The Spies Who Loved You: Infected USB Drives to Steal Secrets

July 11, 2023
Mandiant

Written by: Rommel Joven, Ng Choon Kiat


In the first half of 2023, Mandiant Managed Defense has observed a threefold increase in the number of attacks using infected USB drives to steal secrets. Mandiant tracked all of the cases and found that the majority of the incidents could be attributed to several active USB-based operation campaigns affecting both the public and private sectors globally.

Previously, we covered one of the campaigns that leverages USB flash drives as an initial infection vector and concentrates on the Philippines. In this blog post, we are covering two additional USB-based cyber espionage campaigns that have been observed by Managed Defense:

  • SOGU Malware Infection via USB Flash Drives Across Industries and Geographies

    This is the most prevalent USB-based cyber espionage attack using USB flash drives and one of the most aggressive cyber espionage campaigns targeting both public and private sector organizations globally across industry verticals. It uses USB flash drives to load the SOGU malware to steal sensitive information from a host.

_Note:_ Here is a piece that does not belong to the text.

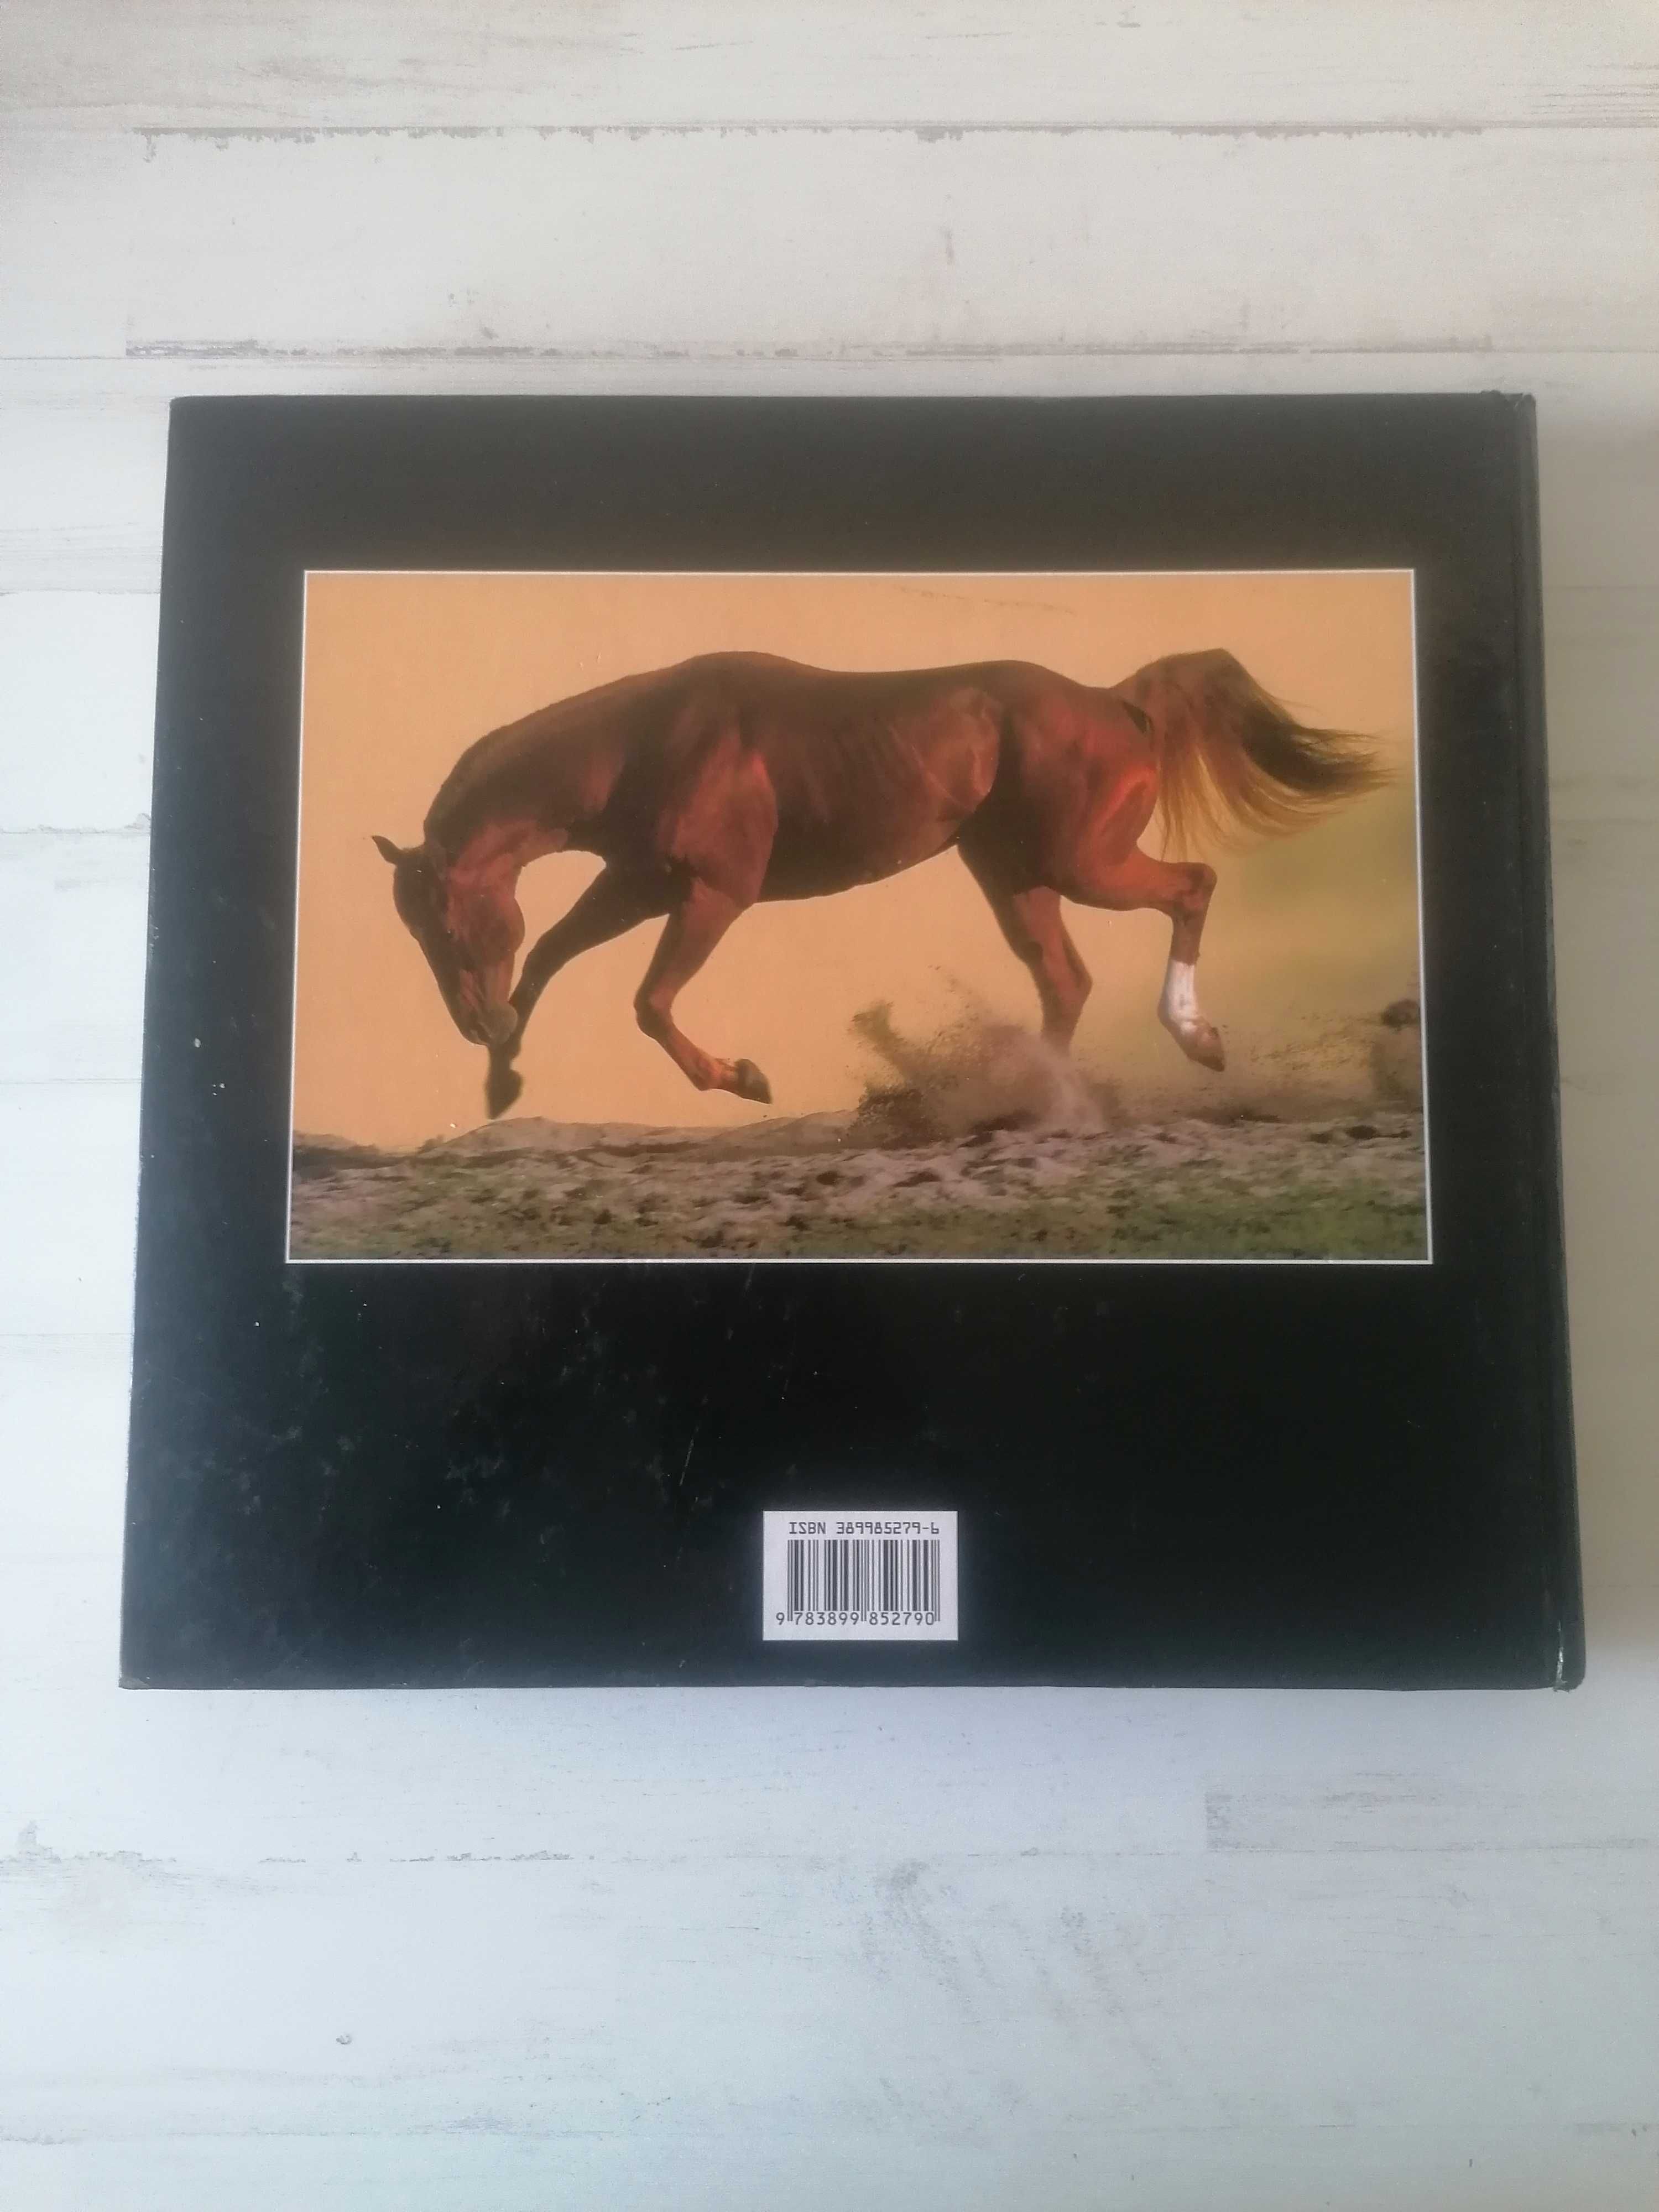 Livro Fascinación Caballo Espanhol Cavalos Equitação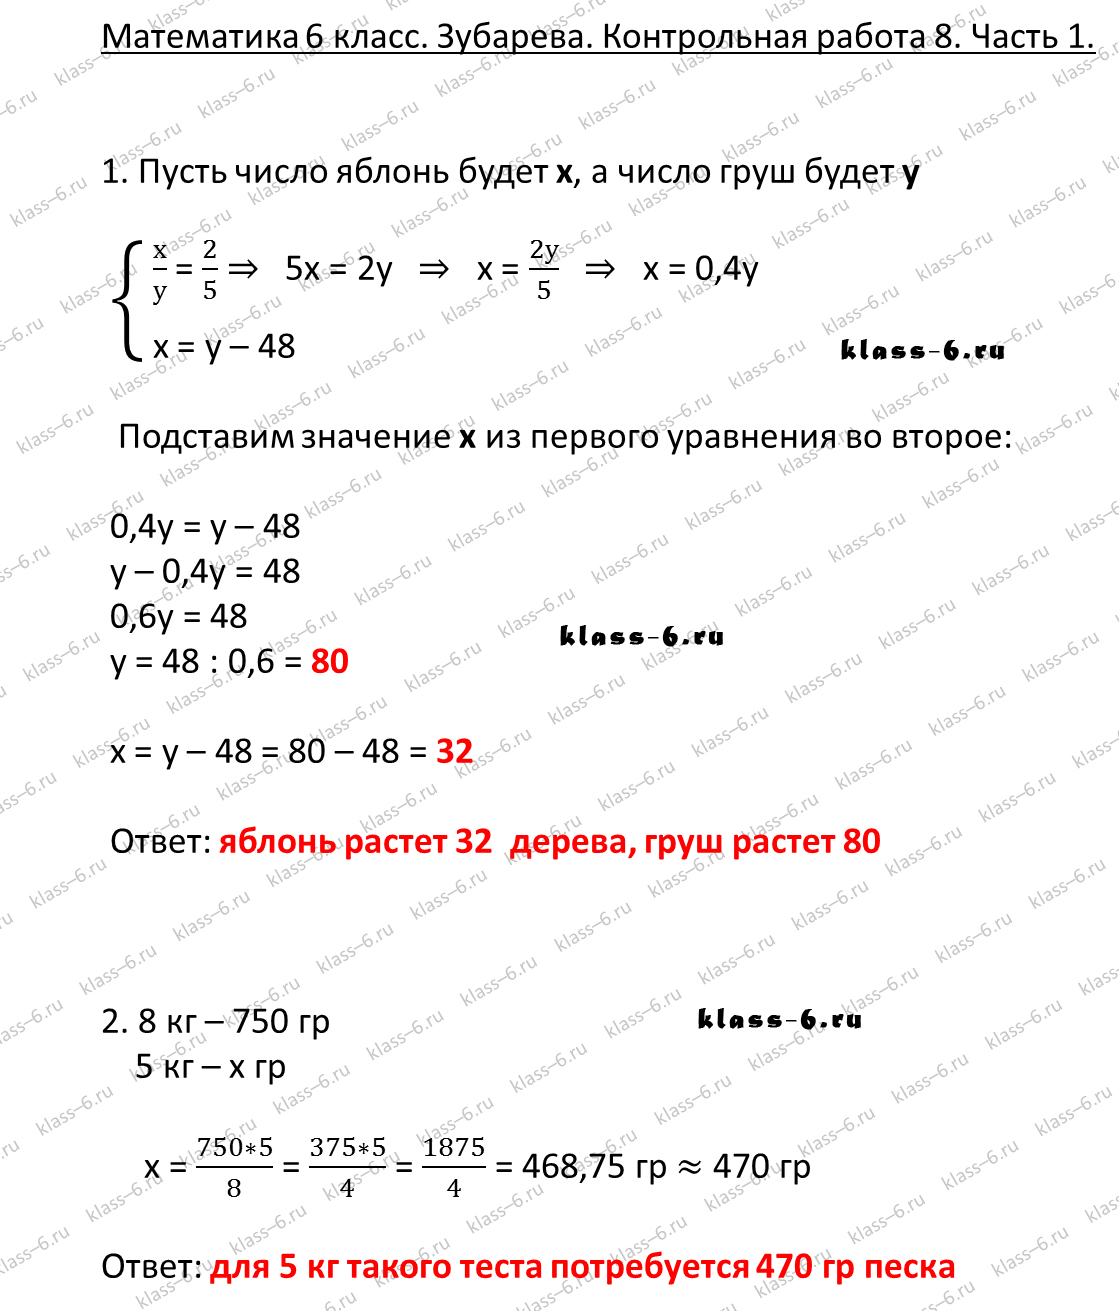 гдз математика Зубарева 6 класс ответ и подробное решение с объяснениями контрольной работы № 8 (1)

    Mandiant attributes this campaign to TEMP.Hex, a China-linked cyber espionage actor. TEMP.Hex likely conducted these attacks to collect information in support of Chinese national security and economic interests. These operations pose a risk to a variety of industries, including construction and engineering, business services, government, health, transportation, and retail in Europe, Asia, and the United States.
     
  • SNOWYDRIVE Malware Infection via USB Flash Drives, Targets Oil and Gas Organizations in Asia

    This campaign uses USB flash drives to deliver the SNOWYDRIVE malware. Once SNOWYDRIVE is loaded, it creates a backdoor on the host system, giving attackers the ability to remotely issue system commands. It also spreads to other USB flash drives and propagates throughout the network.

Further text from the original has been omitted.